Task to complete → Down to the last line, reproduce the data that follows, but skip the pictures.

Data below →
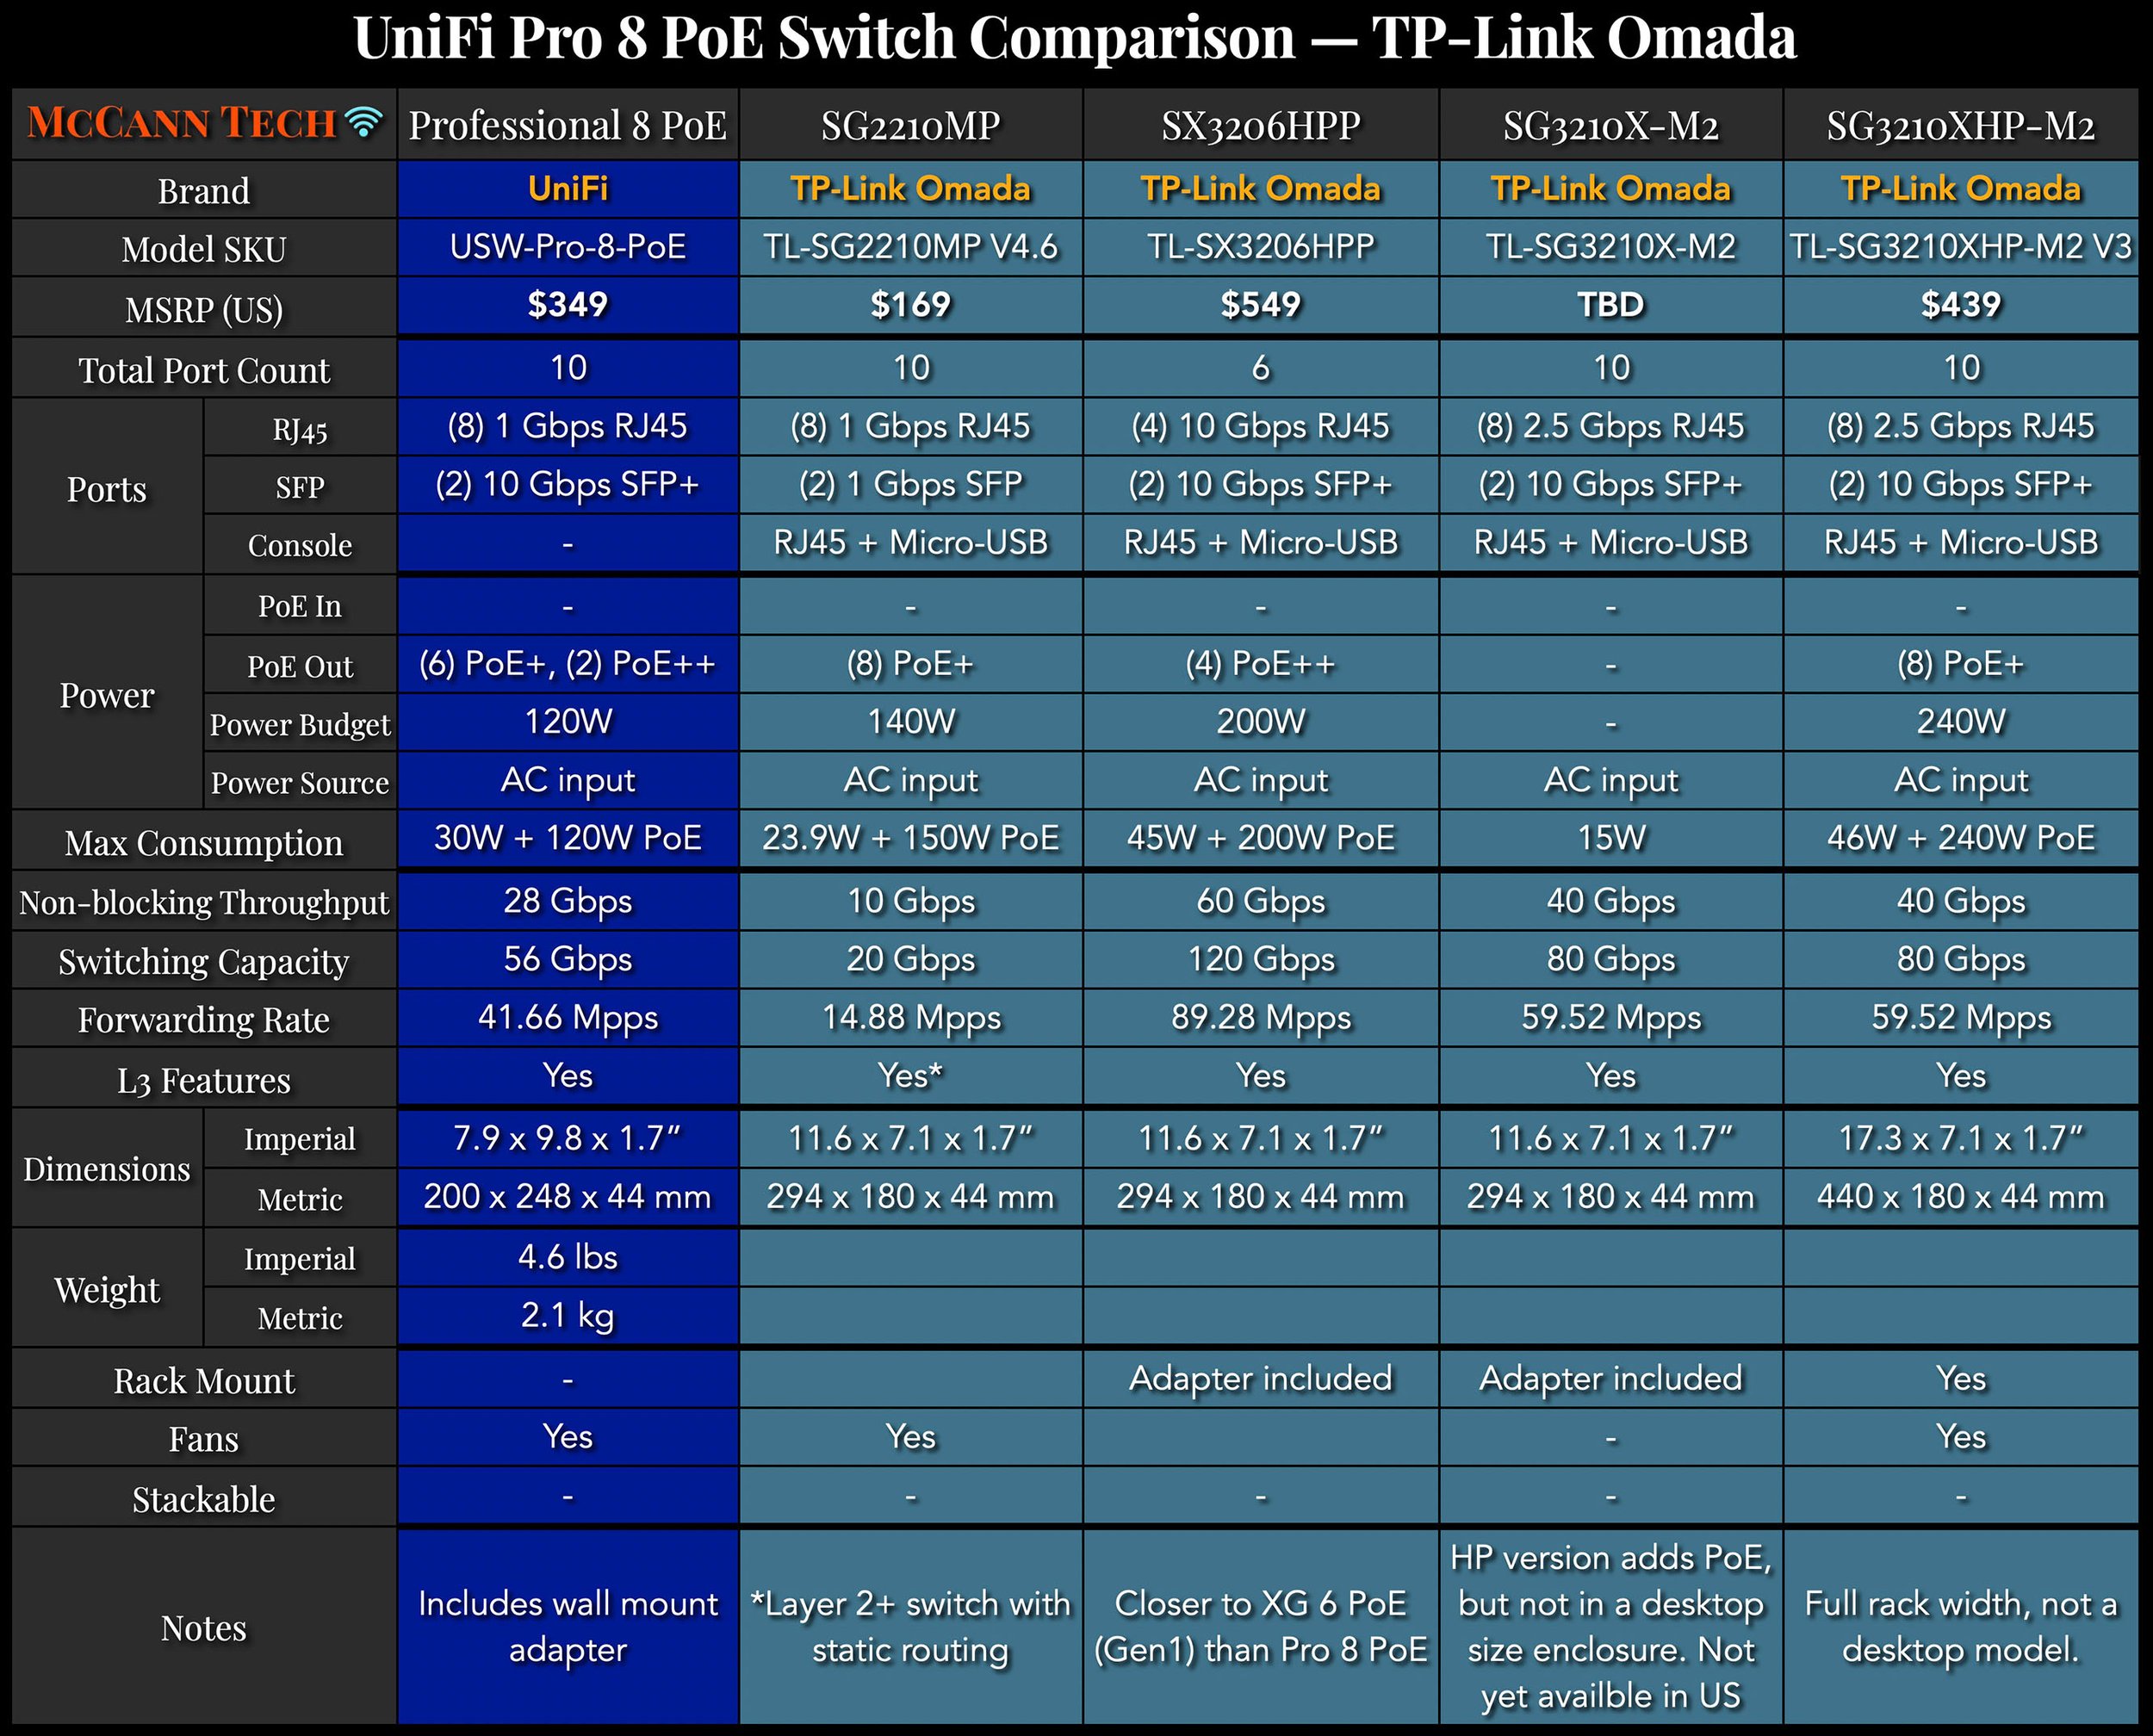  UniFi Pro 8 PoE versus TP-Link Omada 
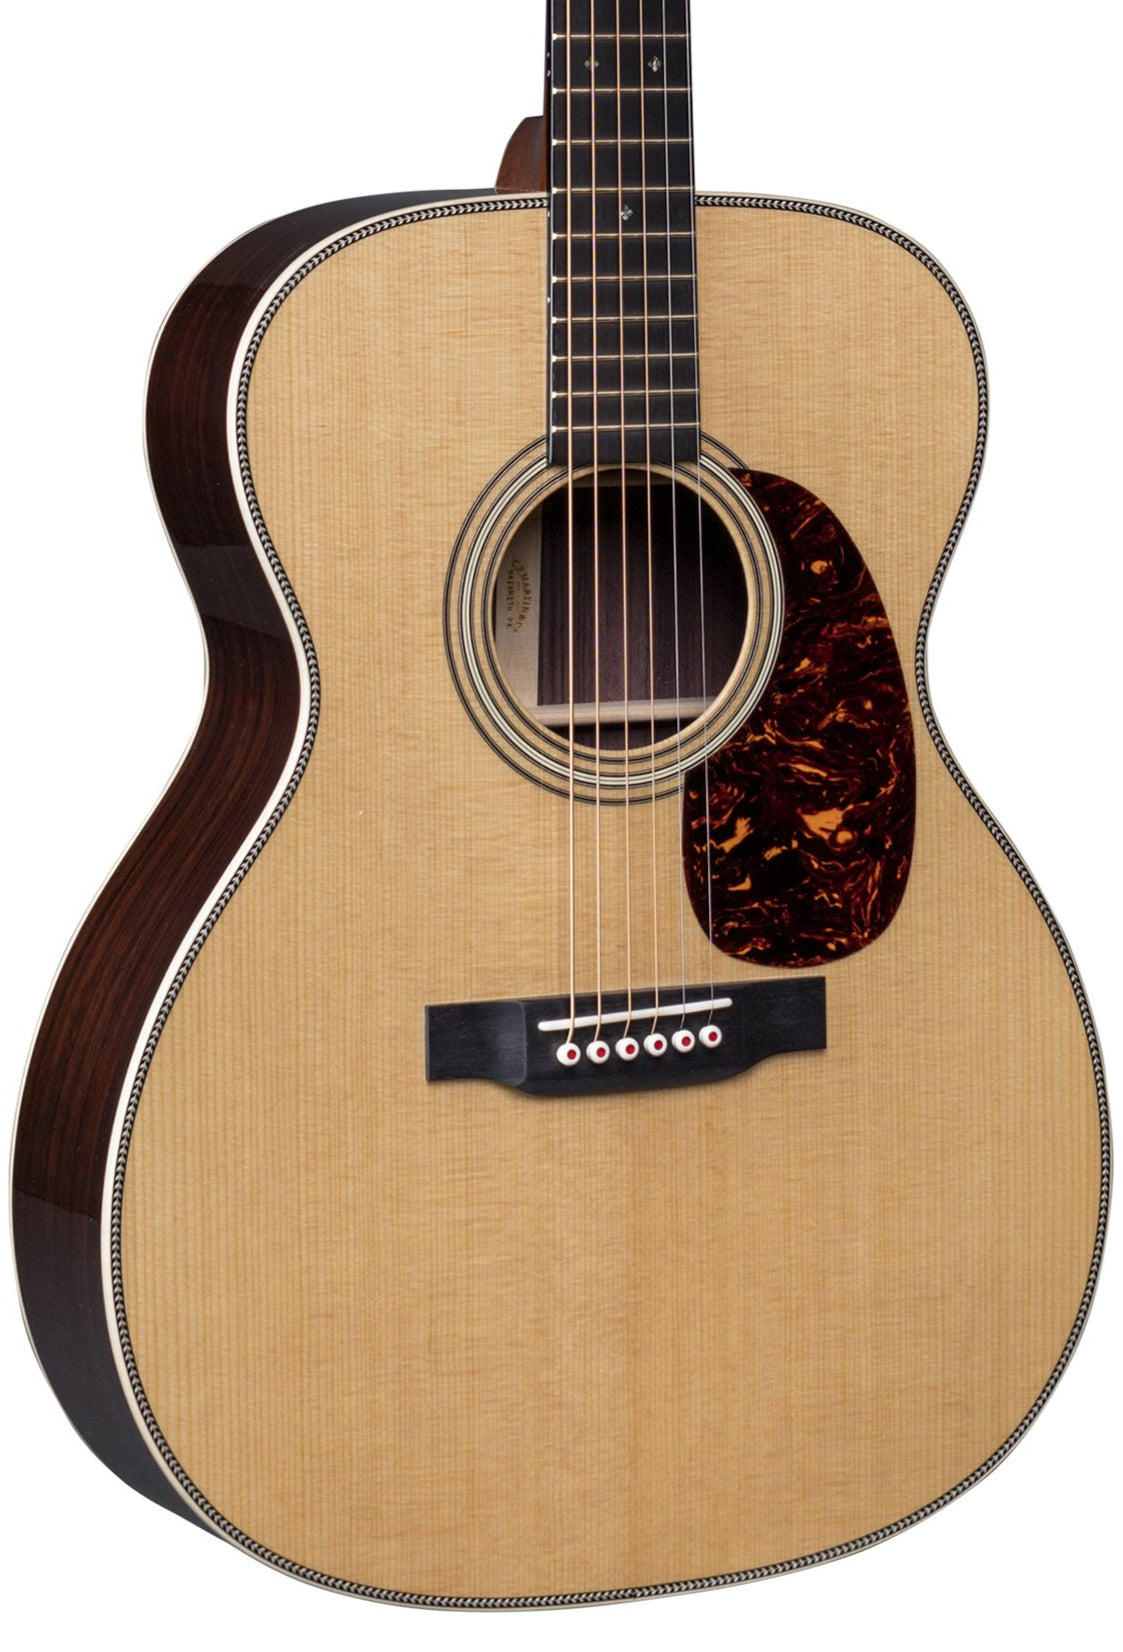 Martin 000-28 Modern Deluxe Guitar
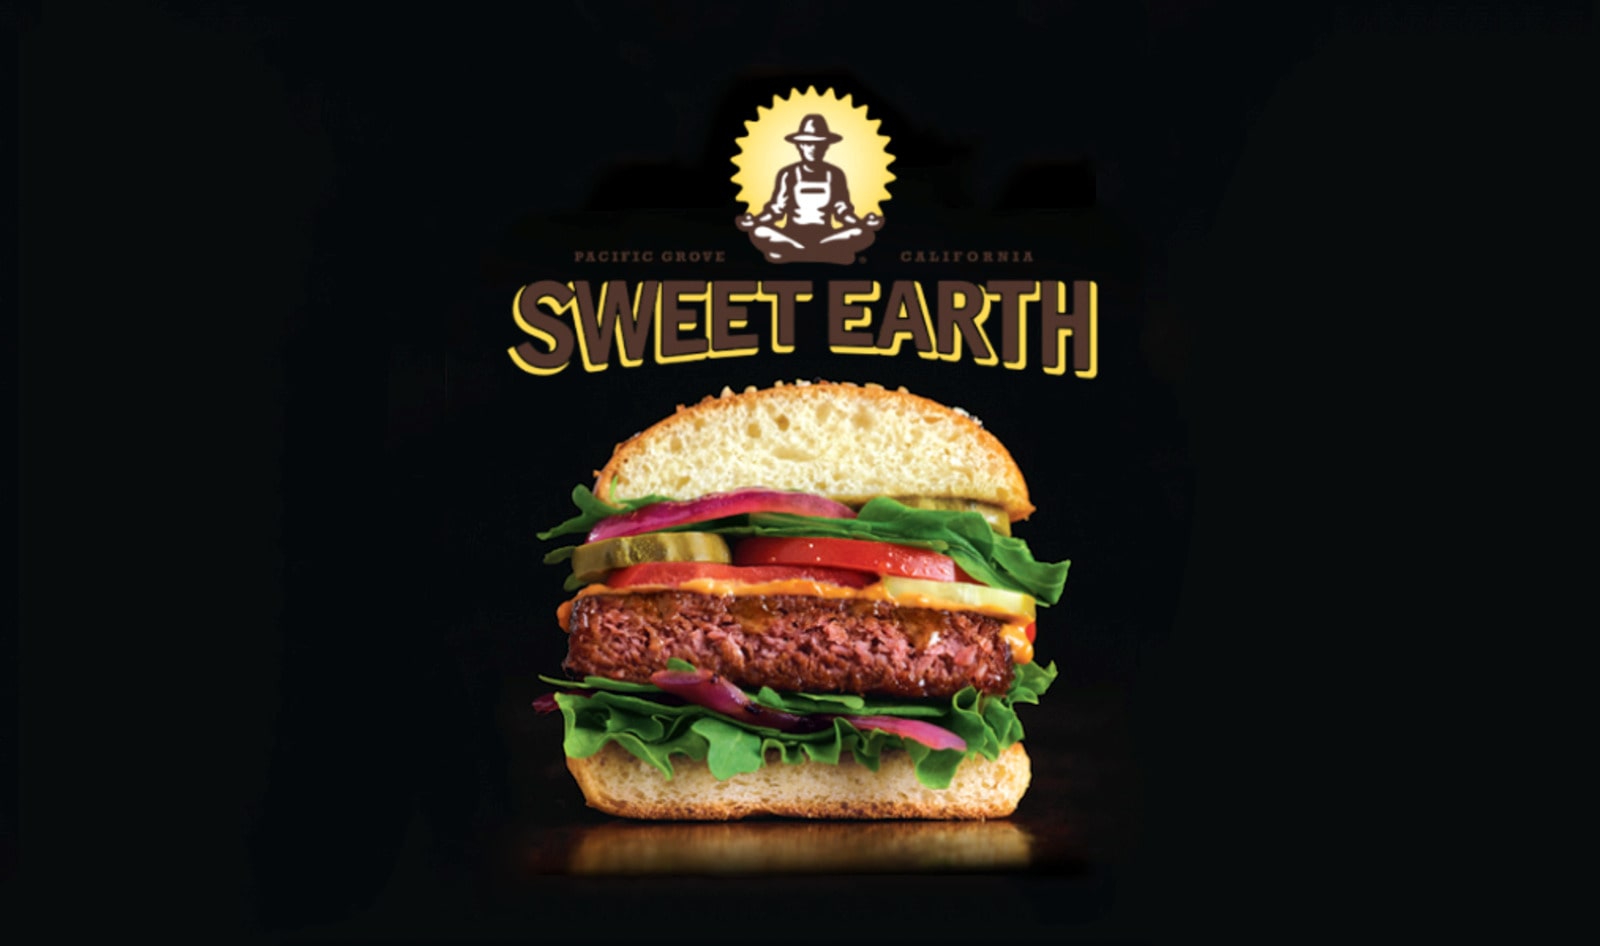 Sweet Earth’s Vegan Burger Hits Stores in September

Result of this exercise →
  UniFi Pro 8 PoE versus TP-Link Omada 
 Martin 000-28 Modern Deluxe Guitar
 Sweet Earth’s Vegan Burger Hits Stores in September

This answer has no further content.